Hull’s post-punk absurdist polemics LIFE made quite an impact with their DIY debut album. 2017’s Popular Music was championed by BBC 6Music’s Steve Lamacq and won firm fans (and friends) in fellow post-punkers Idles. Most unexpectedly, Popular Music even ended up in BBC Radio 1 Albums Of The Year list, where Life’s gnarly, Humberside riffs and scattergun wordplay kept unlikely – but deserved - company with the likes of Jay-Z, Skepta, the xx and Wolf Alice. Two years on, their eagerly awaited, dryly-titled second album, A Picture Of Good Health, ups the ante musically and lyrically.
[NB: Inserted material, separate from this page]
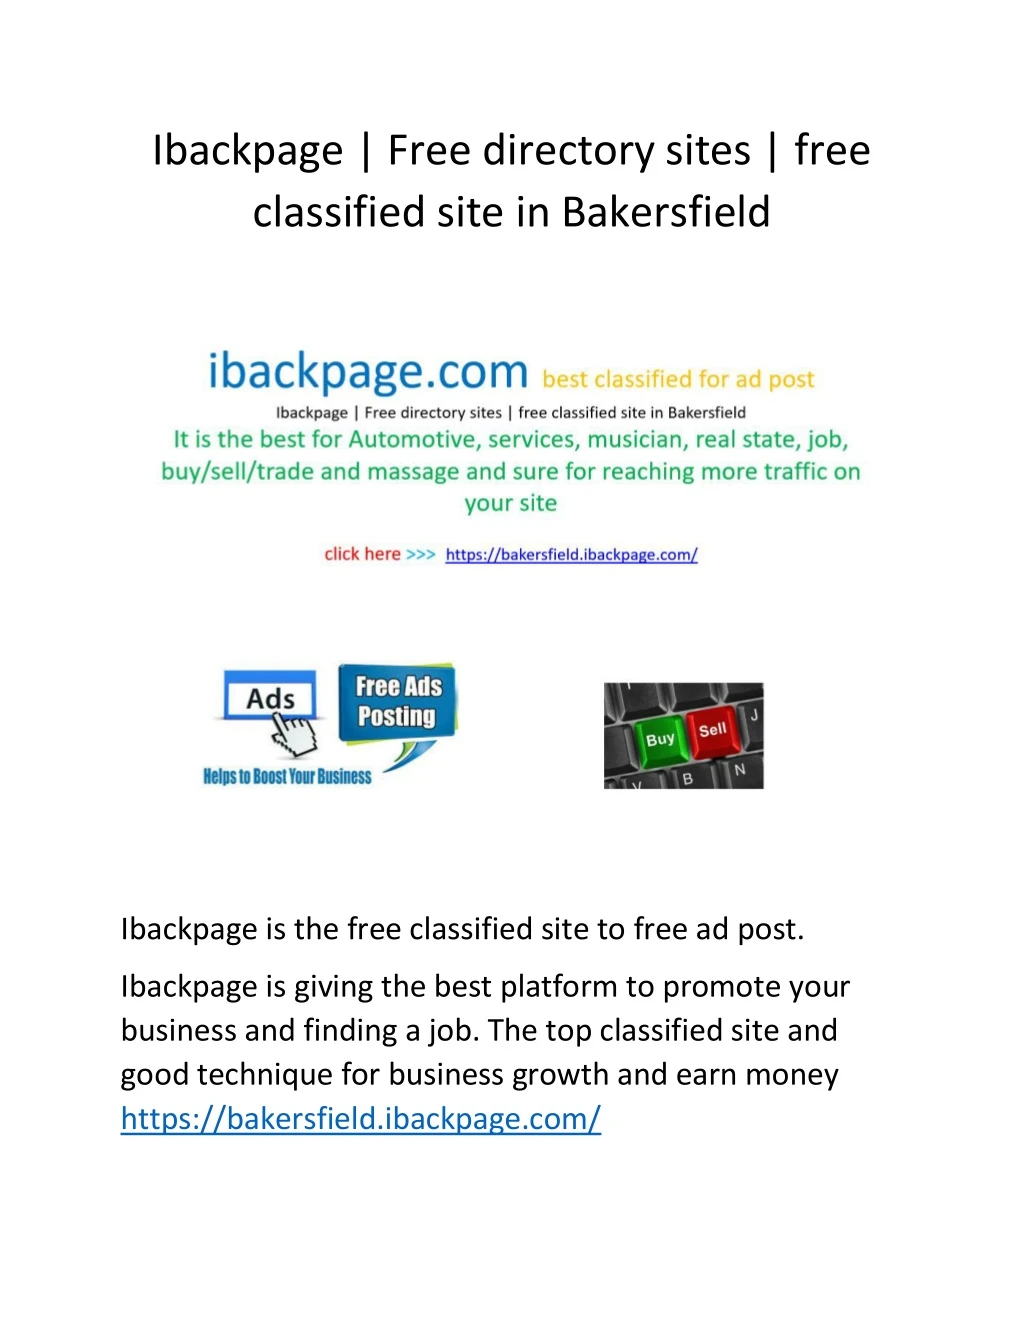 ibackpage free directory sites free classified

Popular Music - recorded one or two tracks at a time, over a long period – was a musical collage that documented their development and emergence. By contrast, A Picture Of Good Health is the product of an intense four week recording period in Tottenham, North London. Producers Luke Smith (Foals) and Claudius Mittendorfer (Parquet Courts) and new bass player Lydia have helped craft a sound that's more robust and musically broader, but which hasn’t lost any of the quartet’s trademark fire and wallop. Lyrically, the first album took a sideways glance at the modern world, where lyrics about 2-for-1 supermarket deals, Donald Trump, the impact of American right to bear arms, Brexit and UK austerity policies blazed forward in a hailstorm of firecracker imagery comparable to Mark E. Smith’s The Fall. This time, their subject matter is more inward, as brothers and lyricists Mez (vocals) and Mick (guitars) have examined their own emotions, experiences and motivations.